**Exercise directions:**
Your output must be the lines below from the line containing "Using nslookup and" to the line containing "Download Latest Flashplayer For Mac", both lines included, reproduced exactly and without pictures.

**Records to process:**
────────────────
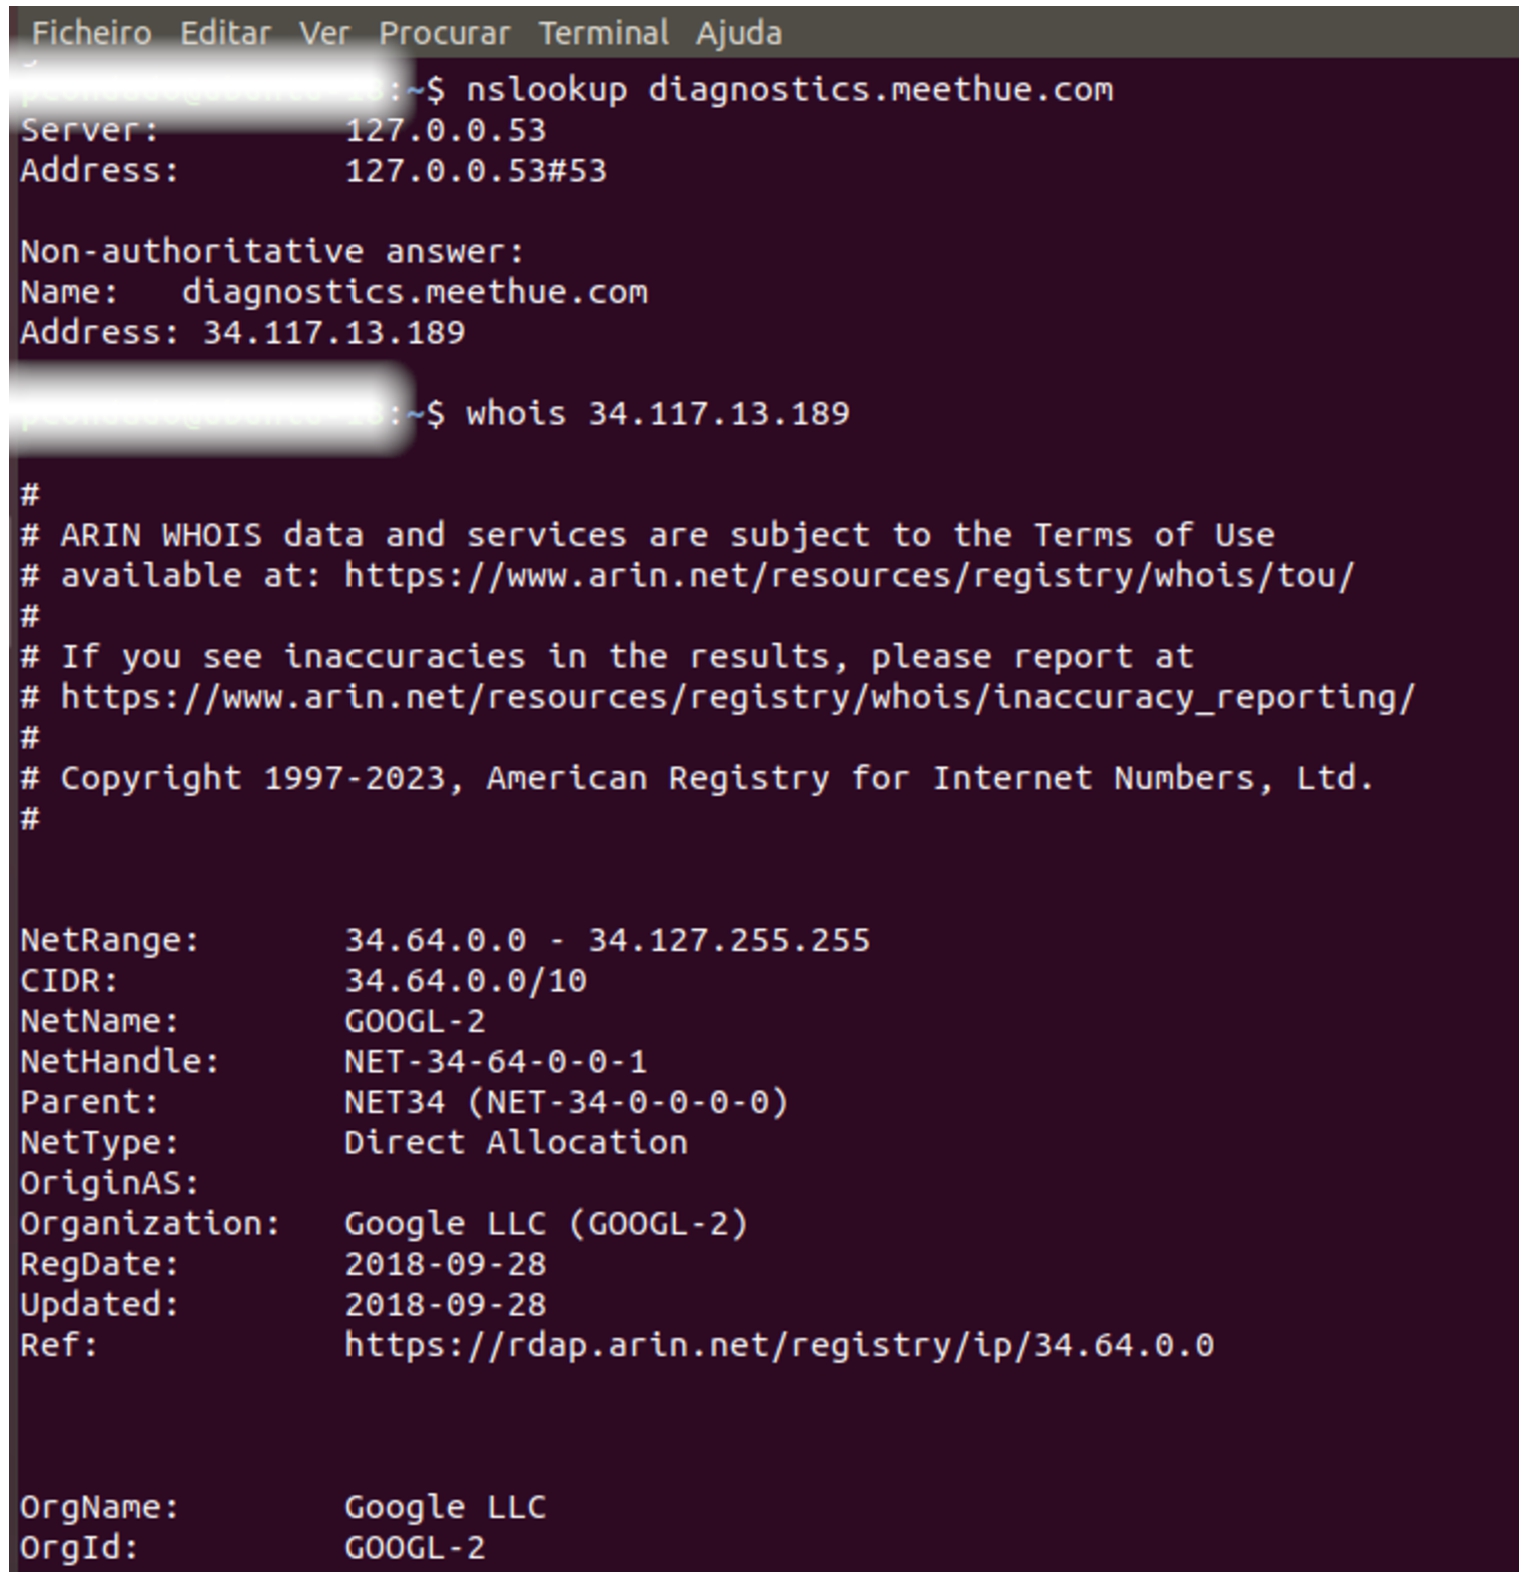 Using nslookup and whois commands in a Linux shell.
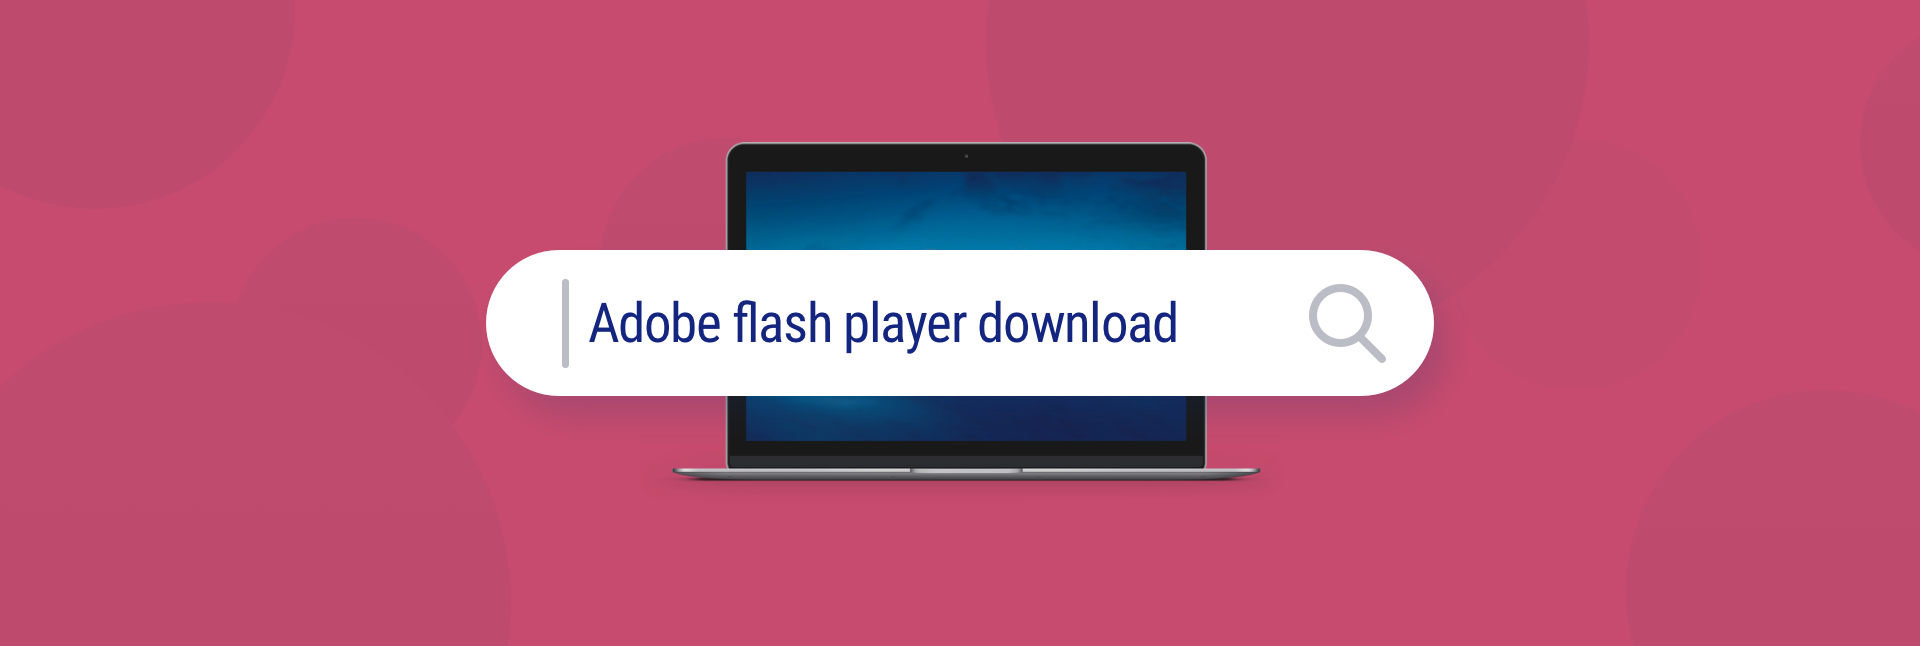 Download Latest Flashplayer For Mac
────────────────
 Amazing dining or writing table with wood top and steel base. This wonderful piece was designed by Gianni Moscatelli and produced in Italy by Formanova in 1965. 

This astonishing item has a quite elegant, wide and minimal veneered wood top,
────────────────
**Response to this task:**
 Using nslookup and whois commands in a Linux shell.
 Download Latest Flashplayer For Mac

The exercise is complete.